"""
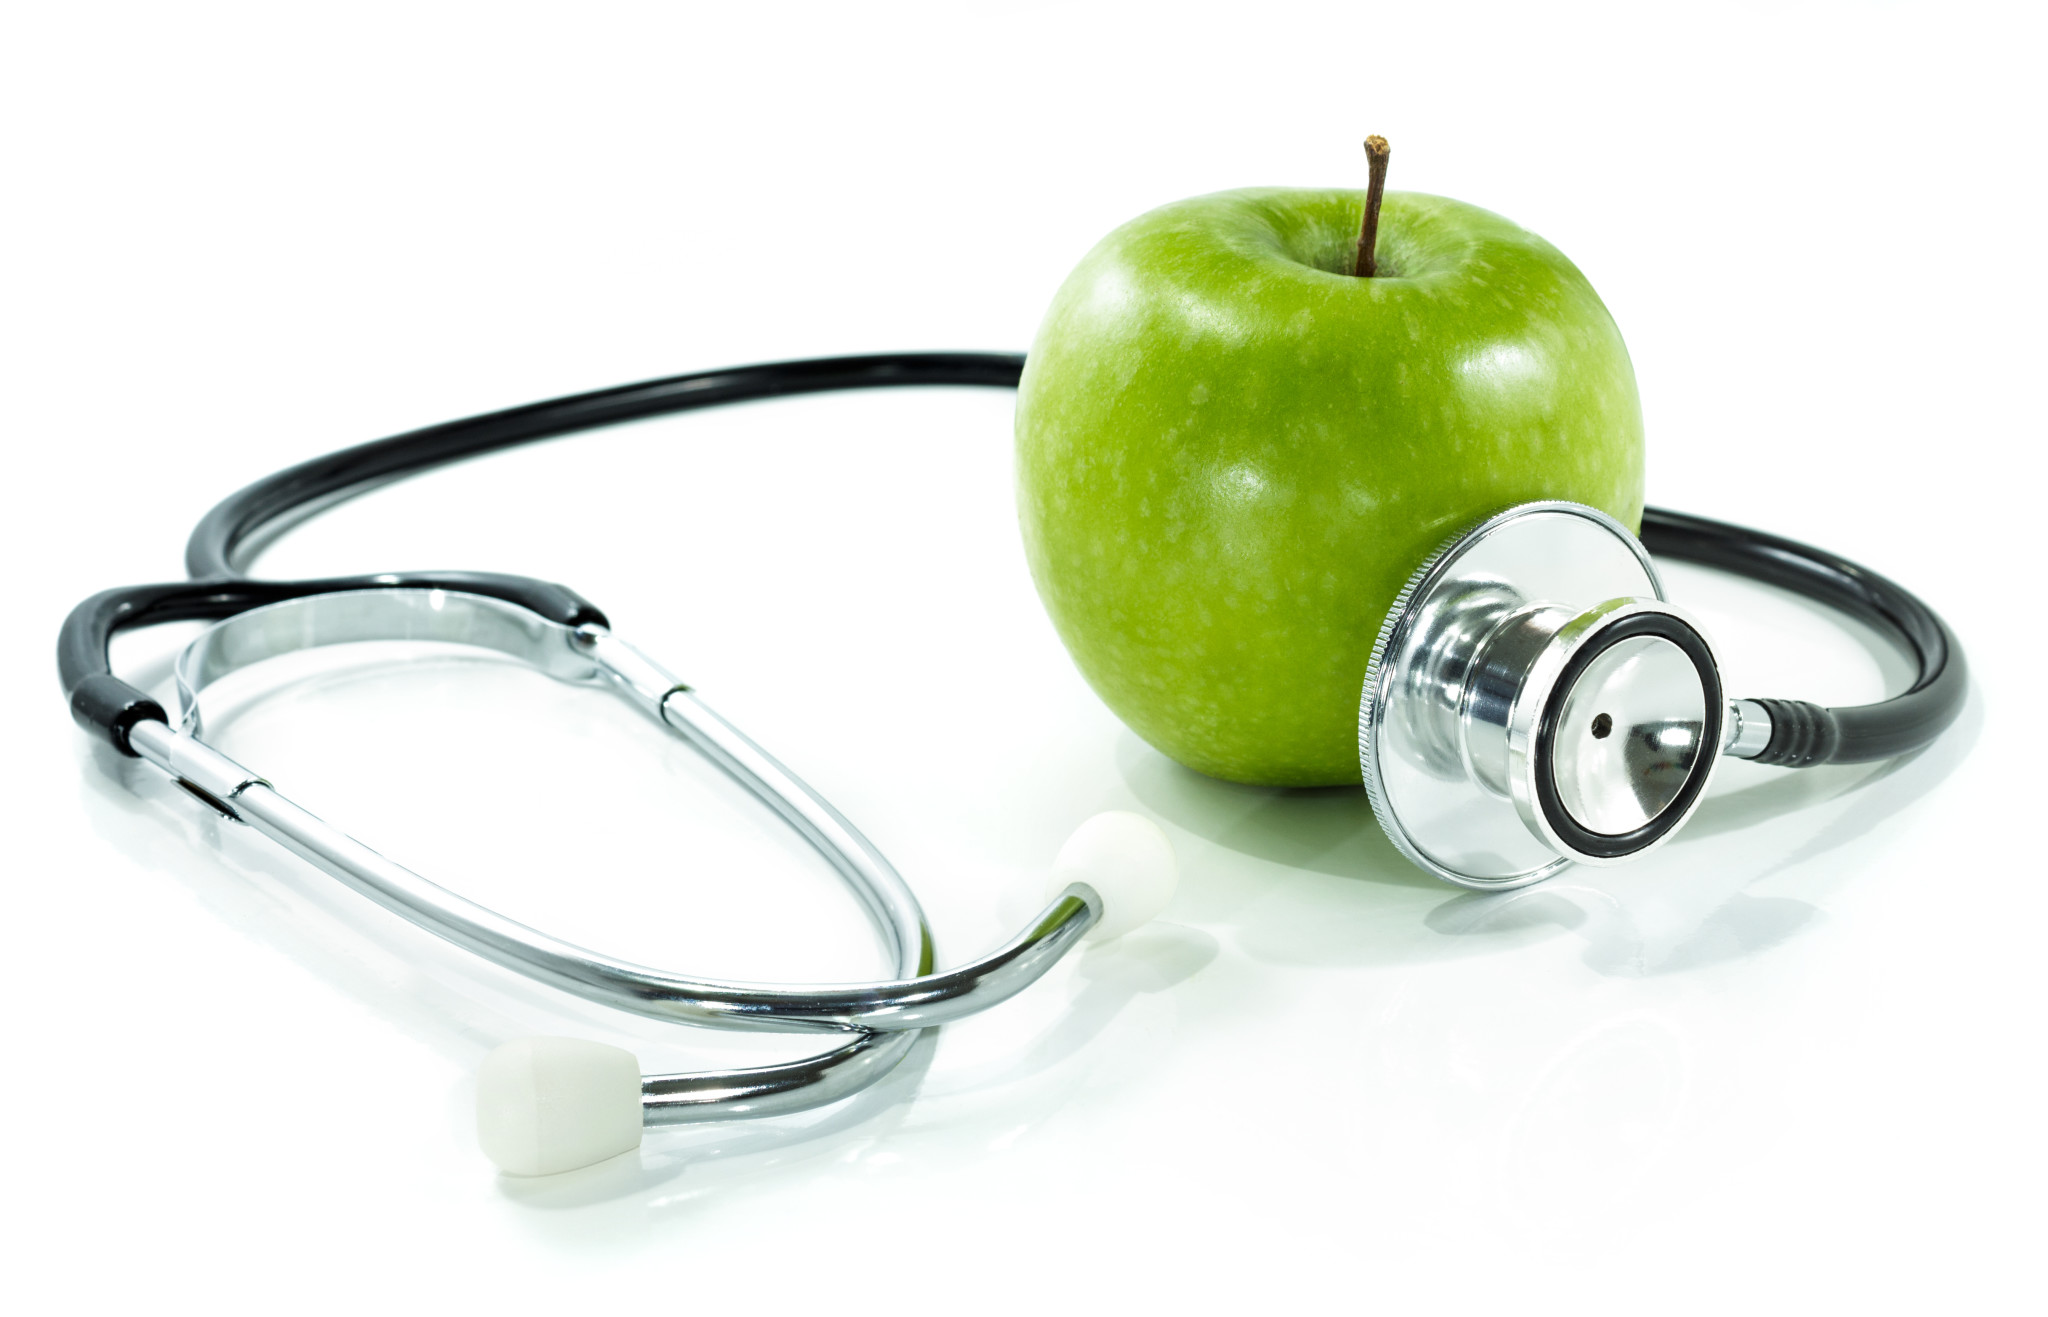 Stethoscope wrapped around an apple
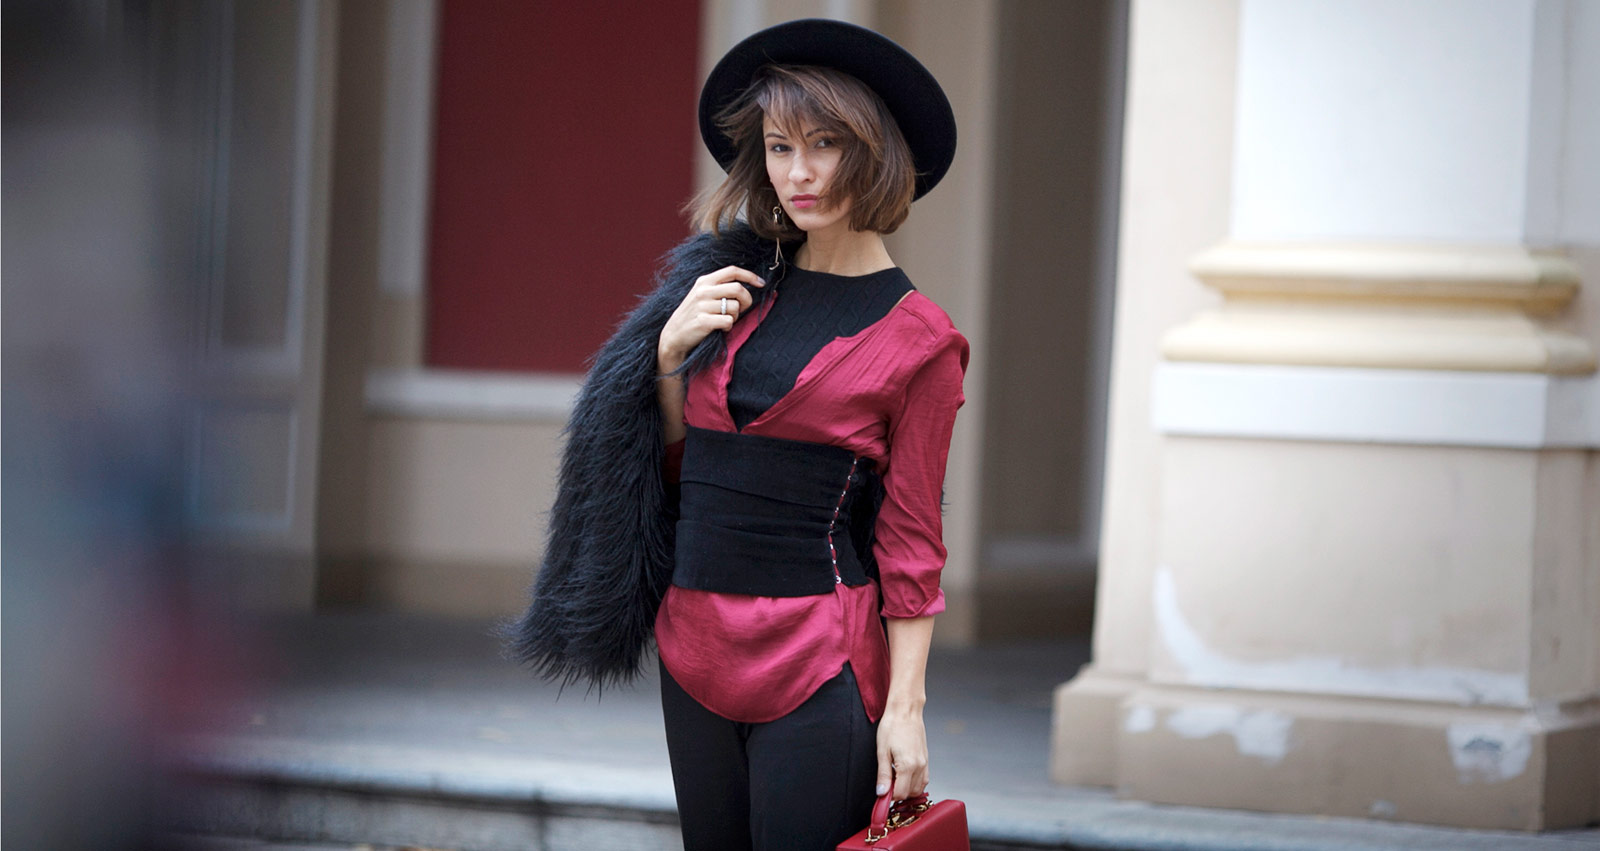 fashion trends - corset street style outfit
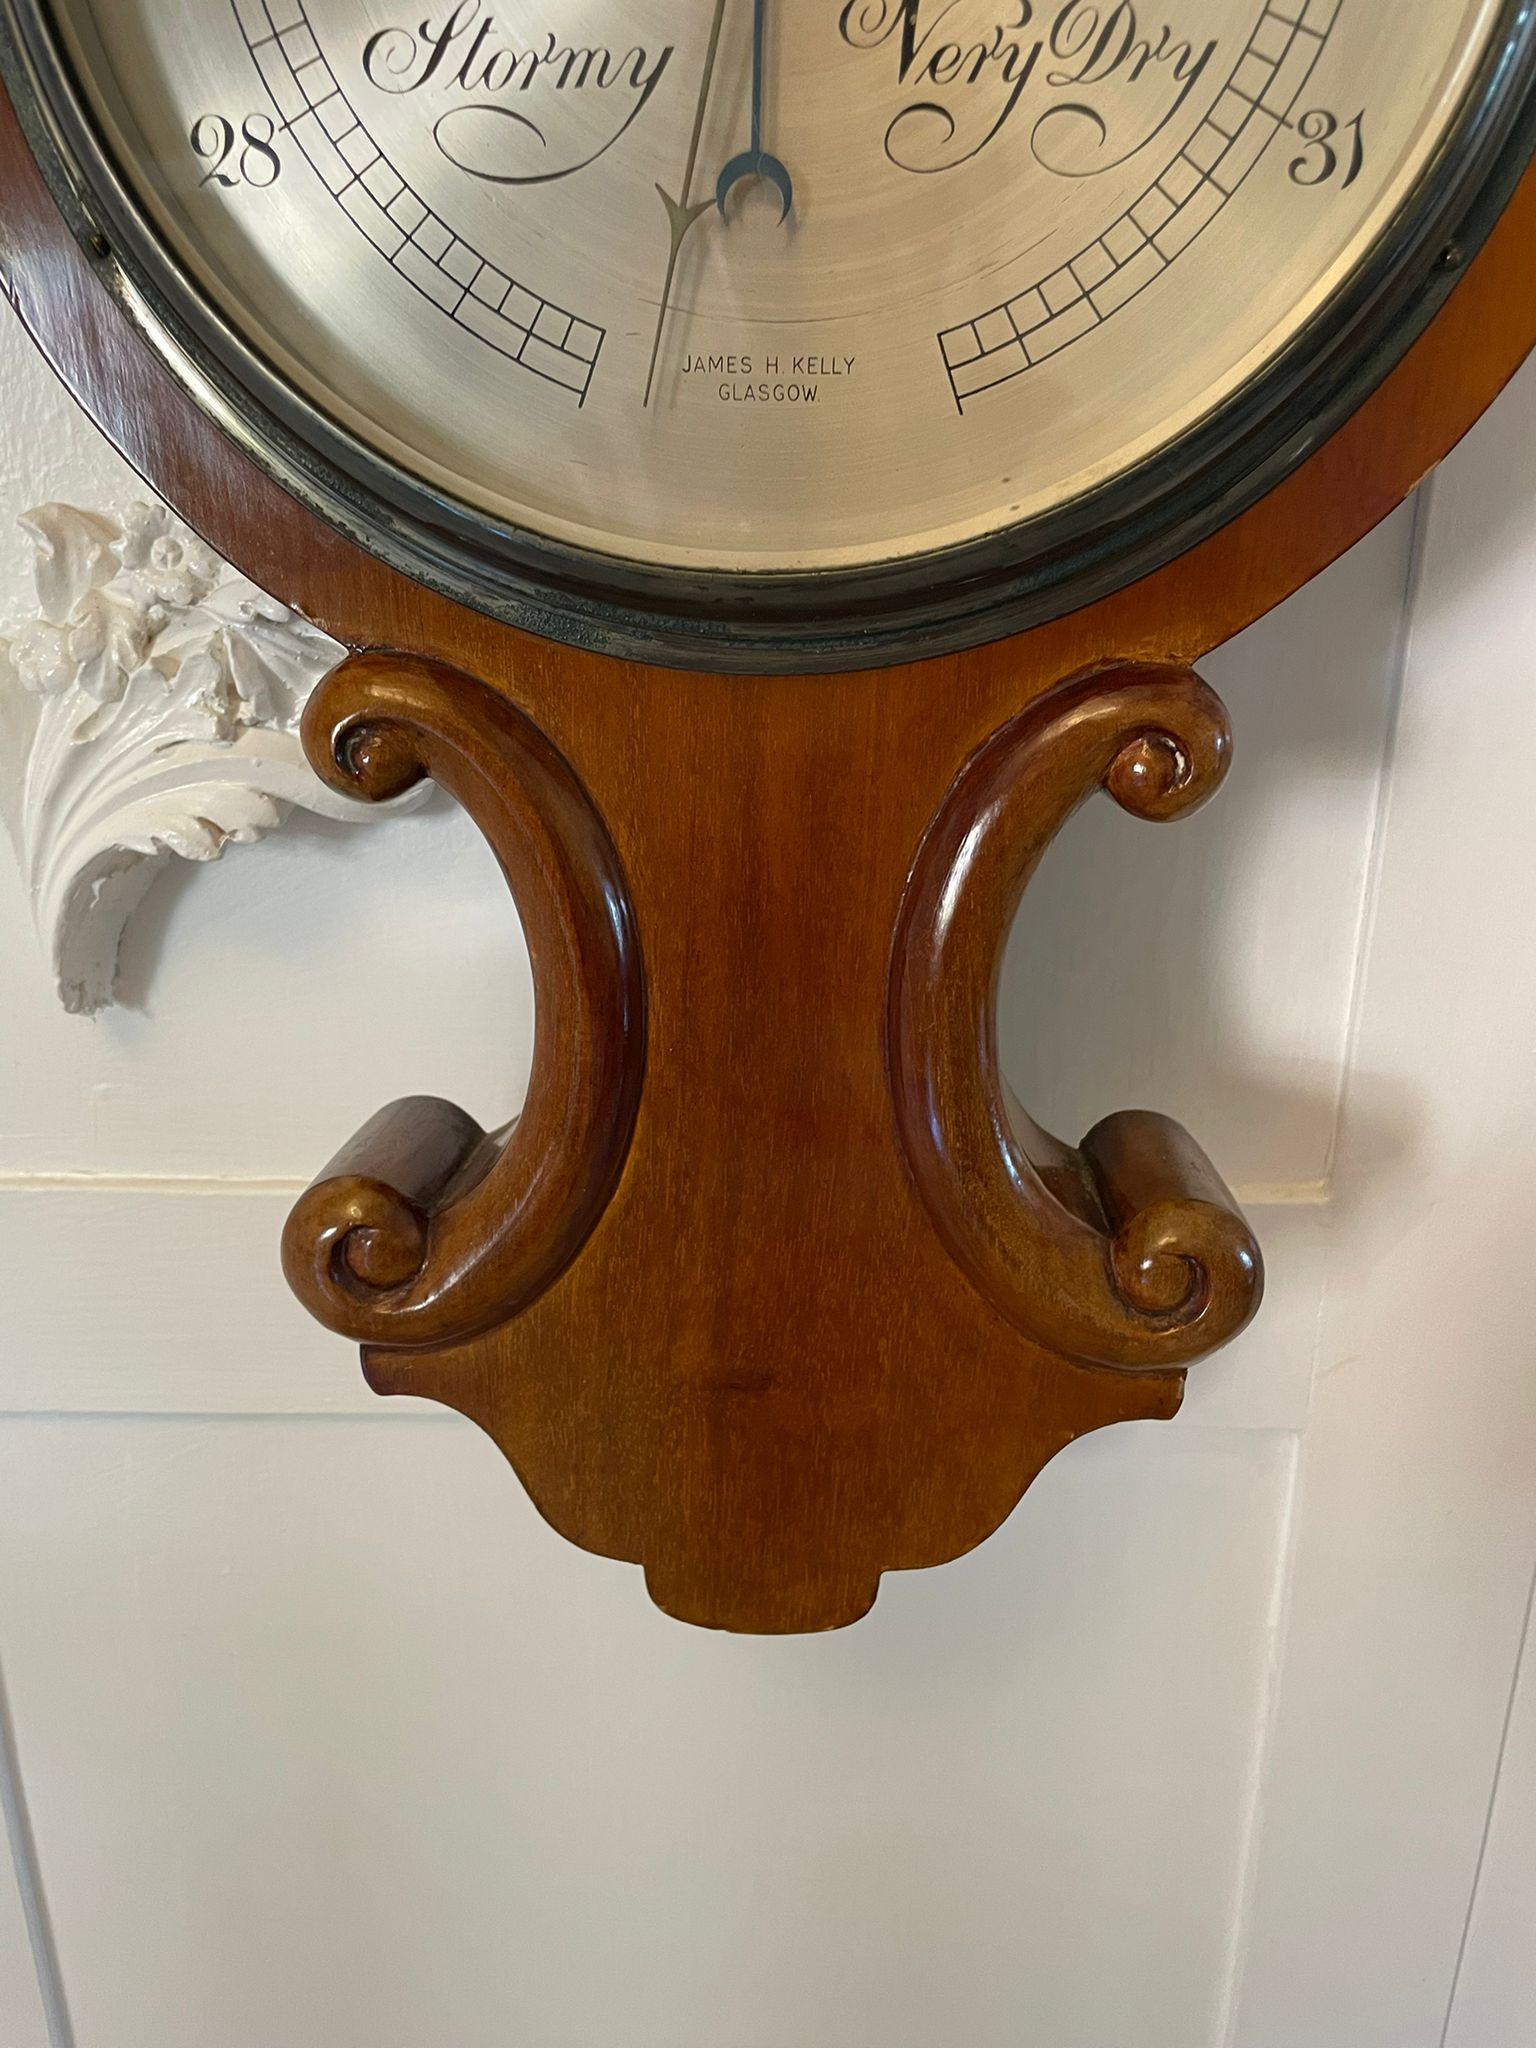 Late 19th Century Antique Victorian Quality Mahogany Banjo Barometer by James H Kelly of Glasgow  For Sale
"""
THE PROBLEM: Return all of the material exactly, without pictures.

COMPLETED TASK:
 Stethoscope wrapped around an apple
 fashion trends - corset street style outfit
 Late 19th Century Antique Victorian Quality Mahogany Banjo Barometer by James H Kelly of Glasgow  For Sale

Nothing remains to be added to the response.